*Dataset items*:
────────────────────────────────────────

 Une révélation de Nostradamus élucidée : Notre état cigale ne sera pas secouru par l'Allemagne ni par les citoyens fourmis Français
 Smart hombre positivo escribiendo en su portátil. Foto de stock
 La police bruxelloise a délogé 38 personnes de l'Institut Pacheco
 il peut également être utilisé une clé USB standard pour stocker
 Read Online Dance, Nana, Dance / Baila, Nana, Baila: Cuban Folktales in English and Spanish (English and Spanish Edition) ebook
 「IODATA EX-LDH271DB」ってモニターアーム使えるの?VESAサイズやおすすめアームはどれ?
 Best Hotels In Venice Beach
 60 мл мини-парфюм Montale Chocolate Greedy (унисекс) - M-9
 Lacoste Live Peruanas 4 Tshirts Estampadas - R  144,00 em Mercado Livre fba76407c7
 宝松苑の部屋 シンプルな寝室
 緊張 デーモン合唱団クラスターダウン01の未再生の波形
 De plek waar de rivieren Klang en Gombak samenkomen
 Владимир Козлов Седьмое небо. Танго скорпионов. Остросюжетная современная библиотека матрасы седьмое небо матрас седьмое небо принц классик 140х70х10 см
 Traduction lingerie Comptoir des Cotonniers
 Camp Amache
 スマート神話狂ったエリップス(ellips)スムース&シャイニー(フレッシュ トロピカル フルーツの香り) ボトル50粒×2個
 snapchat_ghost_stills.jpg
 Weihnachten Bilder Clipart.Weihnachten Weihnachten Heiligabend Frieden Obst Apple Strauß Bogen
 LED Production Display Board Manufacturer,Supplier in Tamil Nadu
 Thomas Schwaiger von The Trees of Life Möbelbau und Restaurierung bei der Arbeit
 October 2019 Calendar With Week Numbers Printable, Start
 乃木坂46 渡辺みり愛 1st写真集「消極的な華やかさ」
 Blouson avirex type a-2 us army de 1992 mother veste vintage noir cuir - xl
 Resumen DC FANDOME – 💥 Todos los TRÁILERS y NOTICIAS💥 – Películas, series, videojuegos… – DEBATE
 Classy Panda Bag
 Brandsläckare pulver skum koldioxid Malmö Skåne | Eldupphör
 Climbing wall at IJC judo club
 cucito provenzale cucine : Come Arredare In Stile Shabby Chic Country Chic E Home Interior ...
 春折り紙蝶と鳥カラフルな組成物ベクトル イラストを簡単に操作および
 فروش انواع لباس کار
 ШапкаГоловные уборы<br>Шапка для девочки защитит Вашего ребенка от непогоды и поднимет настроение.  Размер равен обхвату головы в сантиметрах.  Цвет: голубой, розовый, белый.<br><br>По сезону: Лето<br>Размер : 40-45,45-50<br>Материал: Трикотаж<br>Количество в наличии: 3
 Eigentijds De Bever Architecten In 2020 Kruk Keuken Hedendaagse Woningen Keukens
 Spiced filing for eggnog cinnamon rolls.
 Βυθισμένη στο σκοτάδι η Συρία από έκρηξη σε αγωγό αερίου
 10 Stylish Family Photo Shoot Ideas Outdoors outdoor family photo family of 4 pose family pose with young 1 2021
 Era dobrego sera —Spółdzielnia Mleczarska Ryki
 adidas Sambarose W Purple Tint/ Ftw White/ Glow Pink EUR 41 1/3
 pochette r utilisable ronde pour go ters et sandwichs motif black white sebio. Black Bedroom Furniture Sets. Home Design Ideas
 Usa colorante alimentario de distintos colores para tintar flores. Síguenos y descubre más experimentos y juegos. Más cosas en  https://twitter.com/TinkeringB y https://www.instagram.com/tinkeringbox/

────────────────────────────────────────

*What is expected*: Return a copy of each line in the records above that has "Ideas" in it.

*Response area*:
 10 Stylish Family Photo Shoot Ideas Outdoors outdoor family photo family of 4 pose family pose with young 1 2021
 pochette r utilisable ronde pour go ters et sandwichs motif black white sebio. Black Bedroom Furniture Sets. Home Design Ideas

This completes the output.